Any appeal of the decision would be made to the Federal Circuit and would need to occur within 60 days from the date of the decision – i.e., by September 8, 2018.

Follow-Up

There appear to be at least a couple of questions that remain unanswered by this Decision.

First, the Court did not weigh in on how the VA should interpret the term “manufactured in the United States” that is present in the definition of a domestic end product. If the VA were to interpret this term similarly to substantial transformation, Acetris may be back in the same place it was before. However, if a broader definition is used, then the Acetris Entecavir Tablets could be considered to be a U.S.-made end product that could be considered for award regardless of the country of origin of products in competing offers. Acetris argued that the Court should declare that the term “manufactured in the United States” should have the same meaning as that in the definition of “place of manufacture” in the clause implementing the BAA, that is “the place where an end product is assembled out of components, or otherwise made or processed from raw material into the finished product that is to be provided to the Government.” FAR 52.225-18. If this definition were to be used, a pharmaceutical put into final dosage form in the United States would be considered a domestic product and therefore a U.S.-made end product, even if the API were manufactured in a non-designated country. However, the Court did not address Acetris’ proposed definition or otherwise address the proper interpretation of “manufacturer in the U.S.,” leaving it to the VA to do so.
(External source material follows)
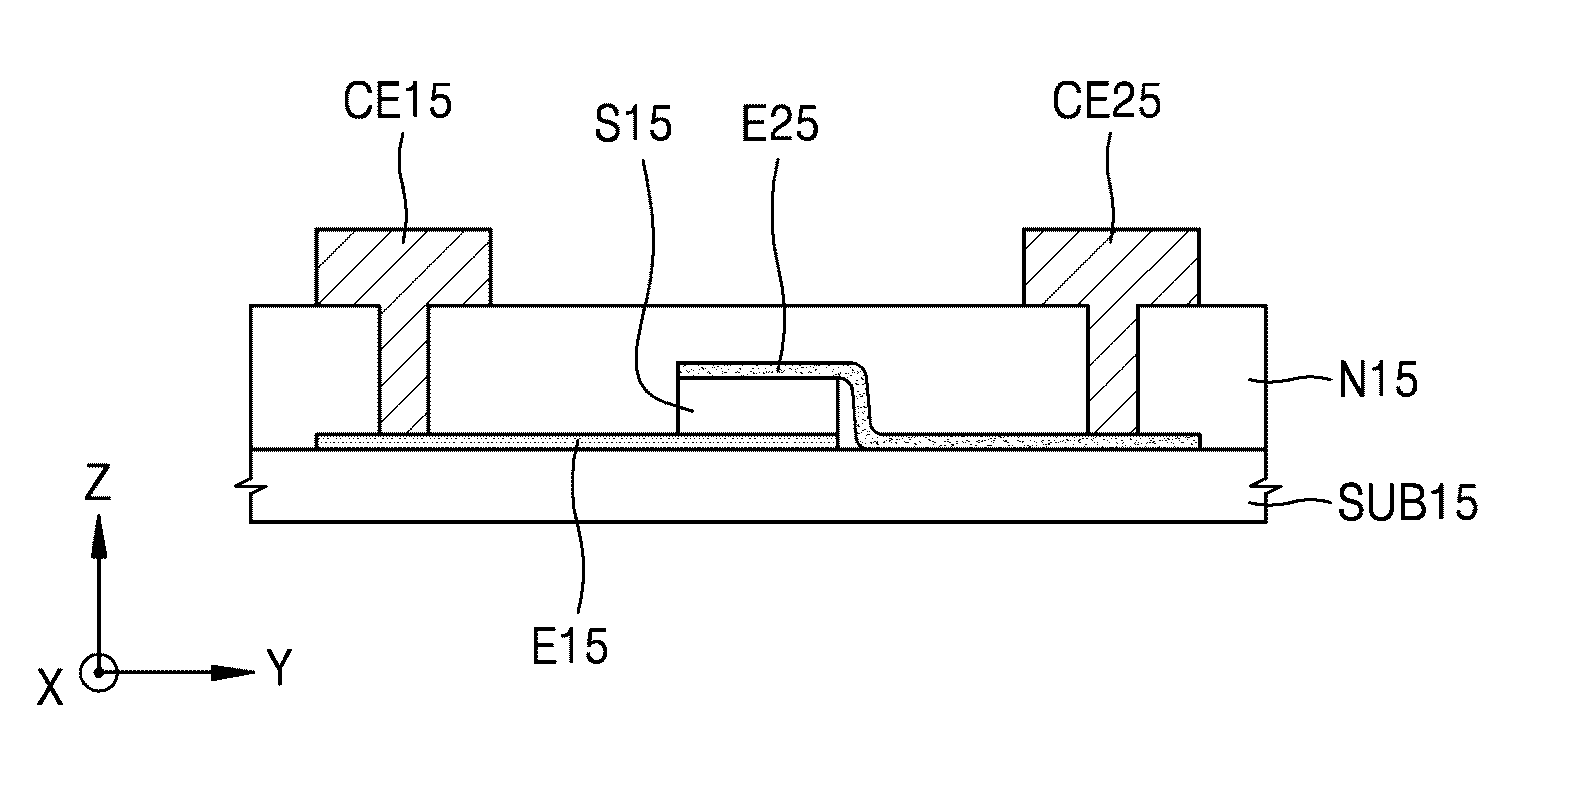 Semiconductor device including two-dimensional material, and method of manufacturing the semiconductor device

Second, the issue of the interpretation of substantial transformation that has been advanced by the CBP for pharmaceutical products was not addressed by the Court because it was not raised by Acetris in this case. (It is the subject of Acetris’ case that is pending before the Court of International Trade.) Interestingly, although the TAA was intended to permit consideration of offers of designated country end products in a non-discriminatory manner compared to U.S.-made end products, this Decision coupled with the current CBP interpretation of substantial transformation would result in differential treatment of a product with API from India that is put into final dosage form in the United States compared to a product with API from India that is put into final dosage form in a WTO GPA country such as France. The former would be considered a U.S.-made end product as a result of being a domestic product, while the latter would not be considered a designated country end product because of the lack of substantial transformation in a designated country.

We will continue to follow these two cases and provide updates as we have them.